#### [Instructions for the task]
Going through the material below, please gather all lines with the word "Australia" in them.

#### [Exercise inputs]
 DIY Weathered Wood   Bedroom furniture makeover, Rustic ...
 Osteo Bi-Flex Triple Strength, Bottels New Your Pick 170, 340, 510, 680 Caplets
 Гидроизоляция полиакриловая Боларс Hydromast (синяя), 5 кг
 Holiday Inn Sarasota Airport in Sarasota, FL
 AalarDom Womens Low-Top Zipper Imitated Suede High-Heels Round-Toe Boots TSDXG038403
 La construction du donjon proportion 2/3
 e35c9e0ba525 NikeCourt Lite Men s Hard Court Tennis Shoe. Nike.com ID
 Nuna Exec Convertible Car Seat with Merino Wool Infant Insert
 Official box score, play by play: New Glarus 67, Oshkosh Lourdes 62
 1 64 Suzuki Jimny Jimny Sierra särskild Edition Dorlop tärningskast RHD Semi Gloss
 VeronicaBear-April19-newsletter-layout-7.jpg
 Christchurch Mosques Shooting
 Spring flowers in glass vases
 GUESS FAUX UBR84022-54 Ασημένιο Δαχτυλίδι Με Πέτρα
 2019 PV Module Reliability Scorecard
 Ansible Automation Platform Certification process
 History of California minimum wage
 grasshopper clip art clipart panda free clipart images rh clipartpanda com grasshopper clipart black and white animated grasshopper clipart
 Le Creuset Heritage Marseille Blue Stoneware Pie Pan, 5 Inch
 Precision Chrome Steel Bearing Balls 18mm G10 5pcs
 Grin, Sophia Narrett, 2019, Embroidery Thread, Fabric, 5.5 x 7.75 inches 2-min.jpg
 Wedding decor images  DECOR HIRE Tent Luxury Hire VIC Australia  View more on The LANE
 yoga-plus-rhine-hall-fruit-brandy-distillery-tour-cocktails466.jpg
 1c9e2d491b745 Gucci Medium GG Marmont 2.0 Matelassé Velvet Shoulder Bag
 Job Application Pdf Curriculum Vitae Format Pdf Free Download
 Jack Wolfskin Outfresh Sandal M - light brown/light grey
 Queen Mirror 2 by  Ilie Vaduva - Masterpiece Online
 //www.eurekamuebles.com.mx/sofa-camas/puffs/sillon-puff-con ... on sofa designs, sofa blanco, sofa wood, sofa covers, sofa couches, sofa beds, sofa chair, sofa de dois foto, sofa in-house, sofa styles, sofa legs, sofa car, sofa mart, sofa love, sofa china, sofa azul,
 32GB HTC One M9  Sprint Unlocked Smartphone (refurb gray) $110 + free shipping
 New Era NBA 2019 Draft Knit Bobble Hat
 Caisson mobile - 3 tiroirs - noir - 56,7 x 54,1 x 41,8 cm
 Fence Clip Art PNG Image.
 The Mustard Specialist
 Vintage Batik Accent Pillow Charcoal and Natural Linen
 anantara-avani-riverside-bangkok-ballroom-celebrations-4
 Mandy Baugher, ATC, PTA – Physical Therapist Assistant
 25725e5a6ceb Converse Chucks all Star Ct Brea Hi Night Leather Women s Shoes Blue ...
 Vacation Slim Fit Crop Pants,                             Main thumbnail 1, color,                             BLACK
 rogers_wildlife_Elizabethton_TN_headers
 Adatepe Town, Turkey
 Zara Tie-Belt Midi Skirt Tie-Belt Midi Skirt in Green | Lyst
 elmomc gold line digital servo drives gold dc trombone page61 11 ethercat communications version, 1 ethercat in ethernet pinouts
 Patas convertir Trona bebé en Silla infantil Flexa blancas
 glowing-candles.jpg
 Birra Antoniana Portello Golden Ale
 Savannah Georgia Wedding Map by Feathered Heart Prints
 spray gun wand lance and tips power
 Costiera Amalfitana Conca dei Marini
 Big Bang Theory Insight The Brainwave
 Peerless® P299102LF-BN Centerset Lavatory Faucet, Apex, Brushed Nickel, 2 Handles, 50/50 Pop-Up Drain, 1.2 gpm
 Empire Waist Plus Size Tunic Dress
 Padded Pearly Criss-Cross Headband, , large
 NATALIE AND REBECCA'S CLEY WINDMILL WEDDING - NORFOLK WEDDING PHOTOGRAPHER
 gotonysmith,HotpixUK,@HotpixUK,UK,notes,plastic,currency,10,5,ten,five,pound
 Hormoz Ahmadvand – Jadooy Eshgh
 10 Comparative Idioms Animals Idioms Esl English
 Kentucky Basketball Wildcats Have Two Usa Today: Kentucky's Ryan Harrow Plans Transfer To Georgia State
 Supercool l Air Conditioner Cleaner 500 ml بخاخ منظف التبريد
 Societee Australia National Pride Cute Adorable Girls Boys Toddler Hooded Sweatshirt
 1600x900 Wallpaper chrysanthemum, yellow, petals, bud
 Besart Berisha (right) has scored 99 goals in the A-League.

#### [Your solution]
 Wedding decor images  DECOR HIRE Tent Luxury Hire VIC Australia  View more on The LANE
 Societee Australia National Pride Cute Adorable Girls Boys Toddler Hooded Sweatshirt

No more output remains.